• [Try it]: Could every line below be transcribed exactly, with the pictures dropped?

• [Source material]:
#####

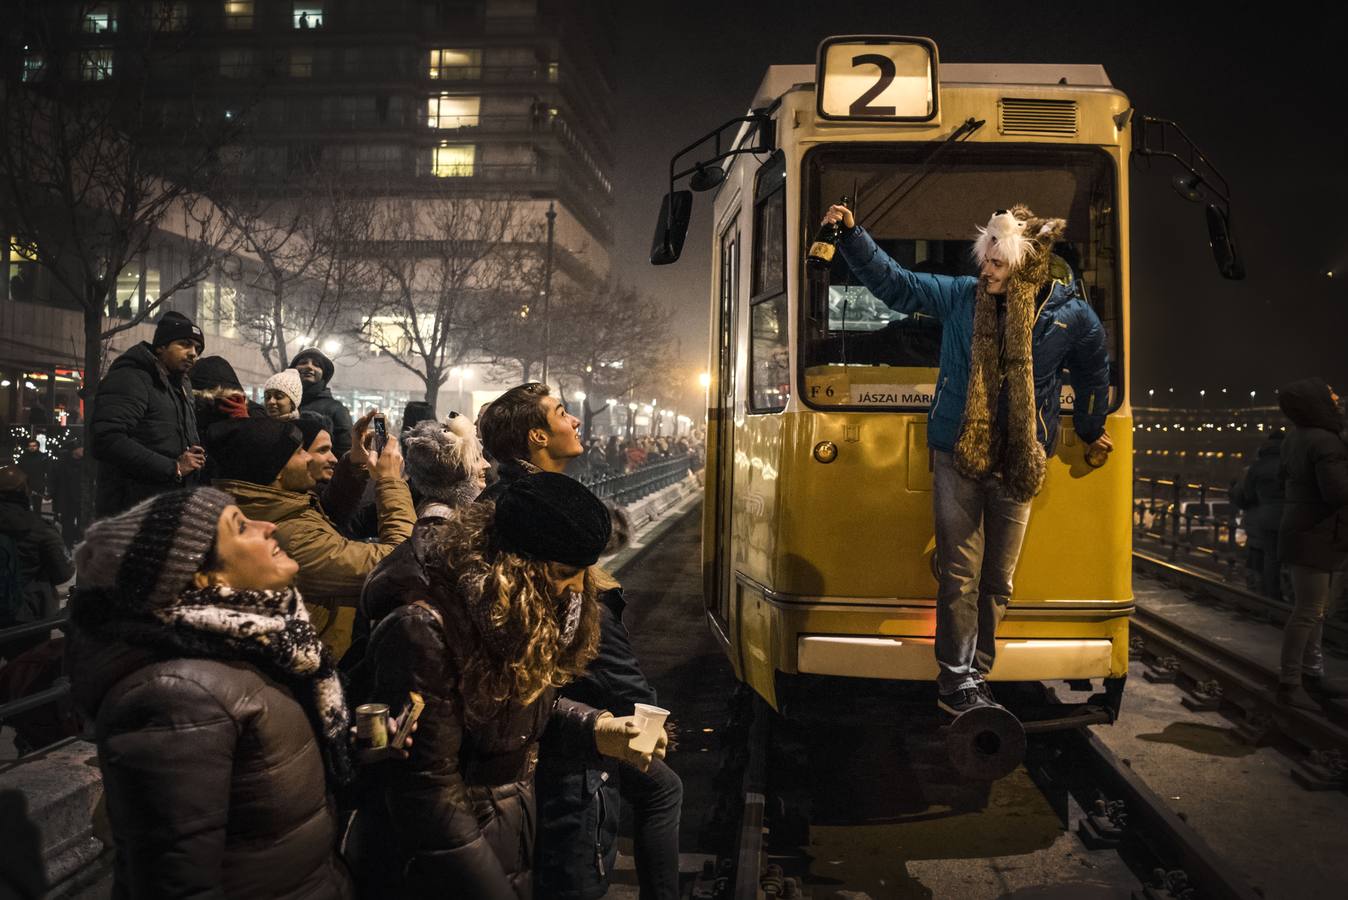 Una joven celebra la entrada del año 2017 subida en la parte frontal de un tranvía en Budapest, tras pararse éste por seguridad, ya que las vías se encontraban llenas de personas. 
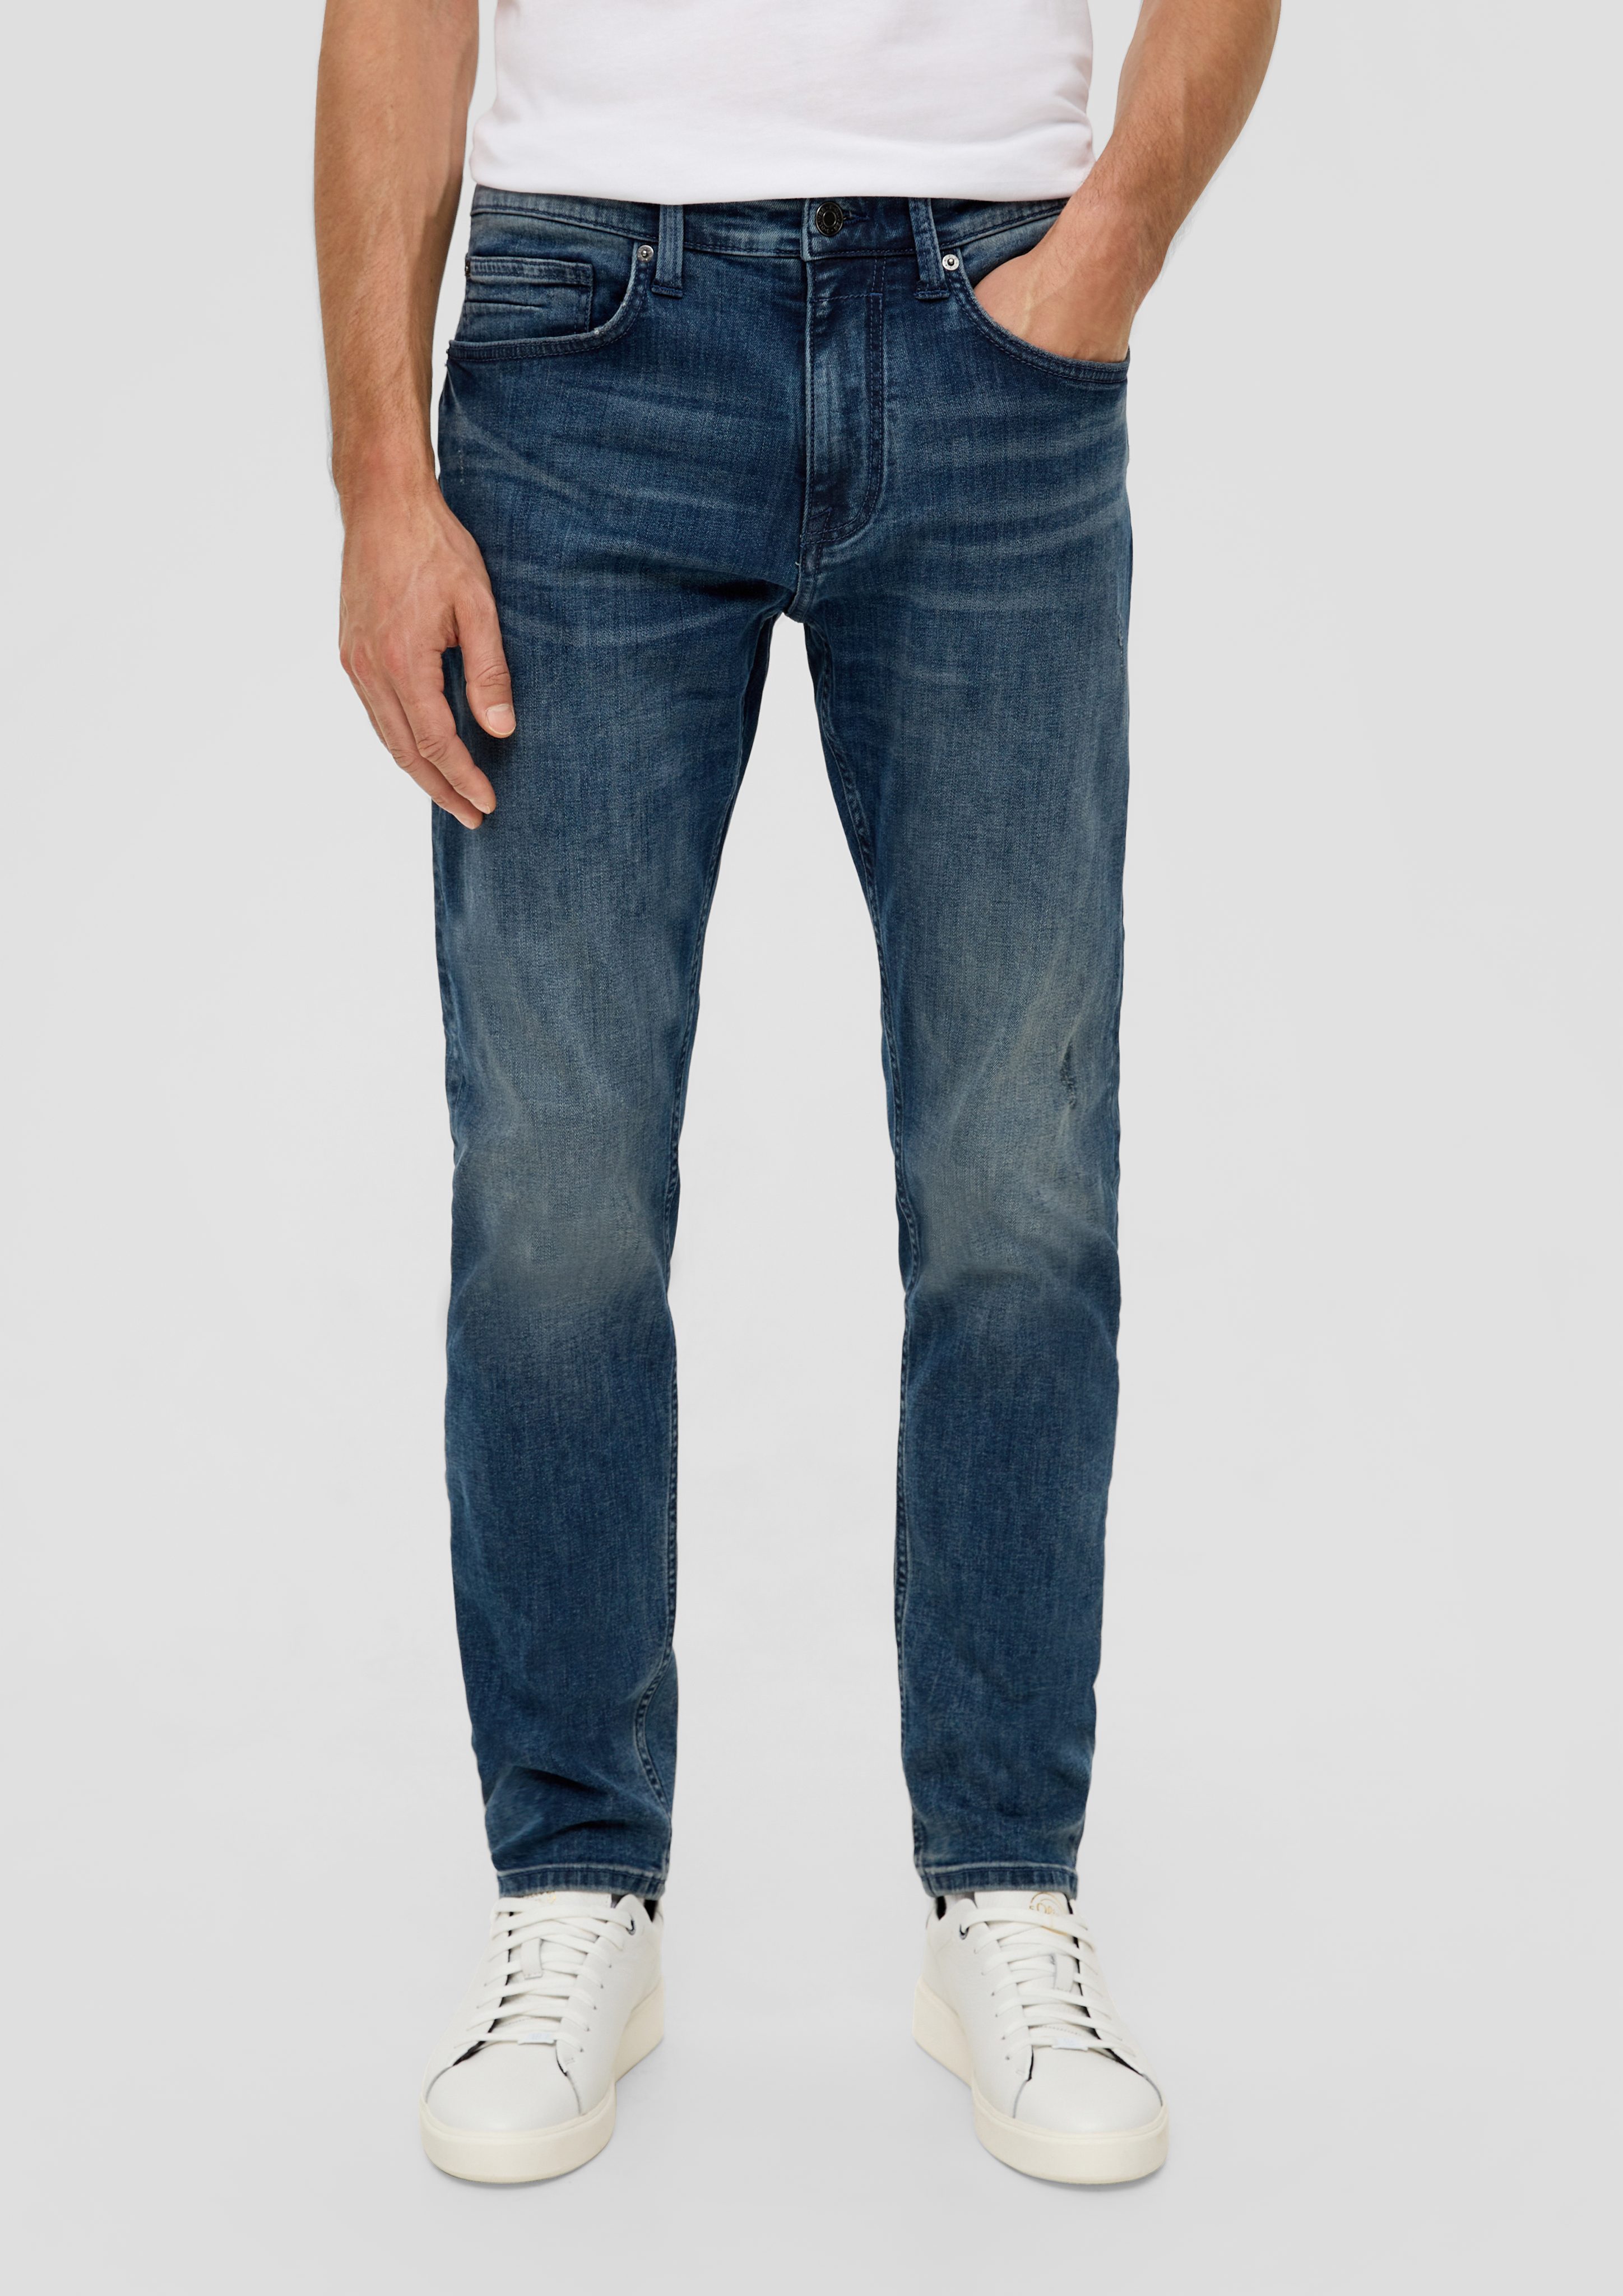 s.Oliver Stoffhose Jeans / Leg Fit Tapered Waschung Mid / Regular dunkelblau Rise 5-Pocket-Stil / / Leder-Patch
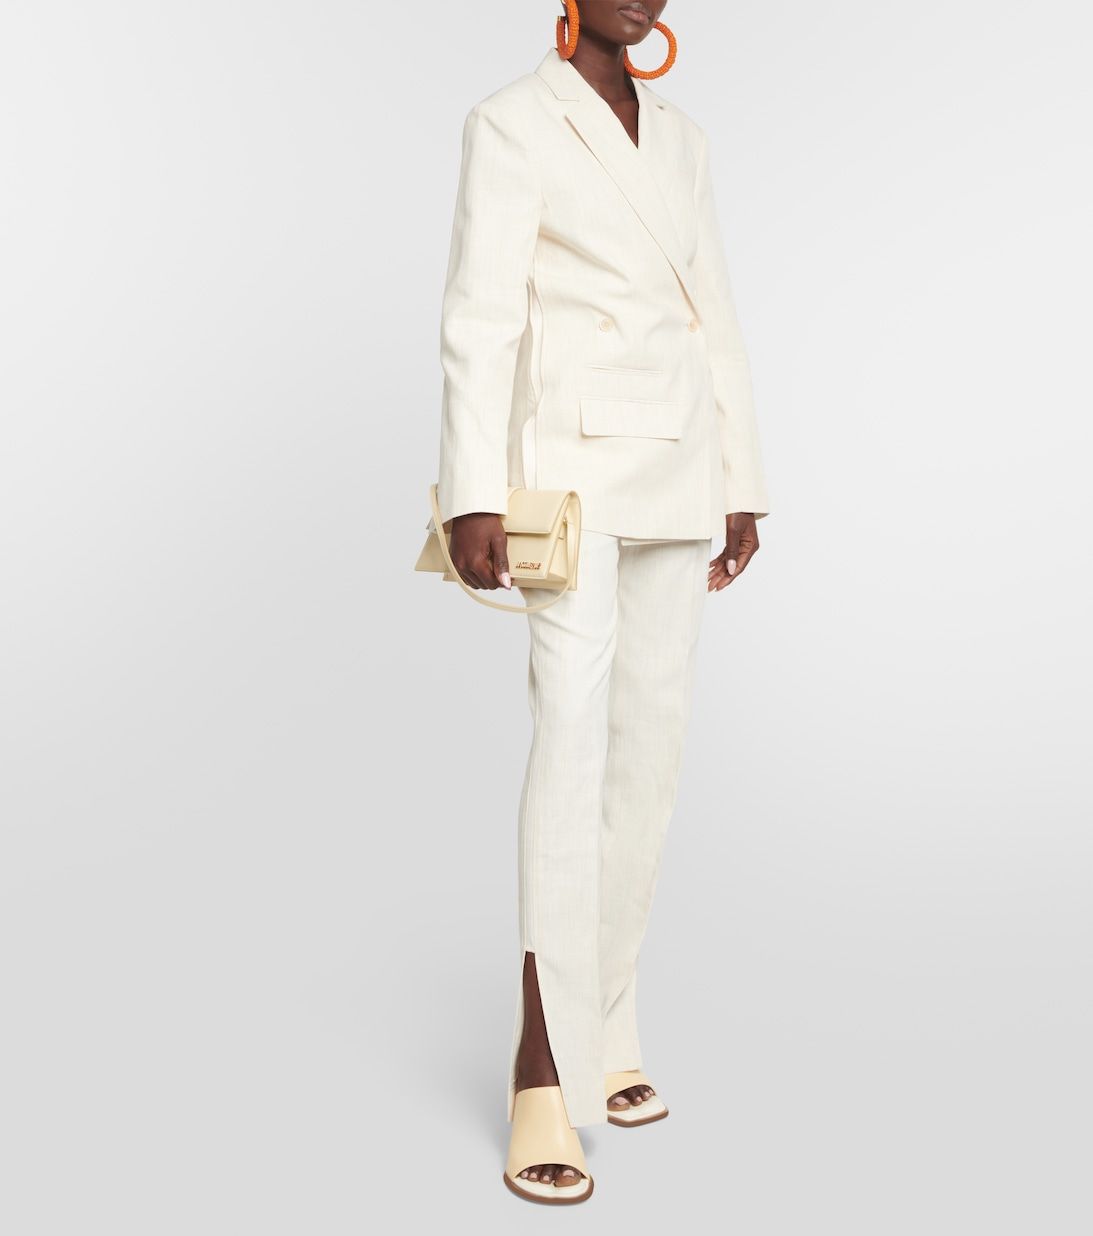 YZRDY Work Striped Office Women's Dress Suits 2 Piece Sets Elegant Women  Blazer Jacket Coat Dresses (Colour: White, Size: L) : Amazon.de: Fashion

#####

• [Exercise solution]:
 Una joven celebra la entrada del año 2017 subida en la parte frontal de un tranvía en Budapest, tras pararse éste por seguridad, ya que las vías se encontraban llenas de personas. 
 s.Oliver Stoffhose Jeans / Leg Fit Tapered Waschung Mid / Regular dunkelblau Rise 5-Pocket-Stil / / Leder-Patch
 YZRDY Work Striped Office Women's Dress Suits 2 Piece Sets Elegant Women  Blazer Jacket Coat Dresses (Colour: White, Size: L) : Amazon.de: Fashion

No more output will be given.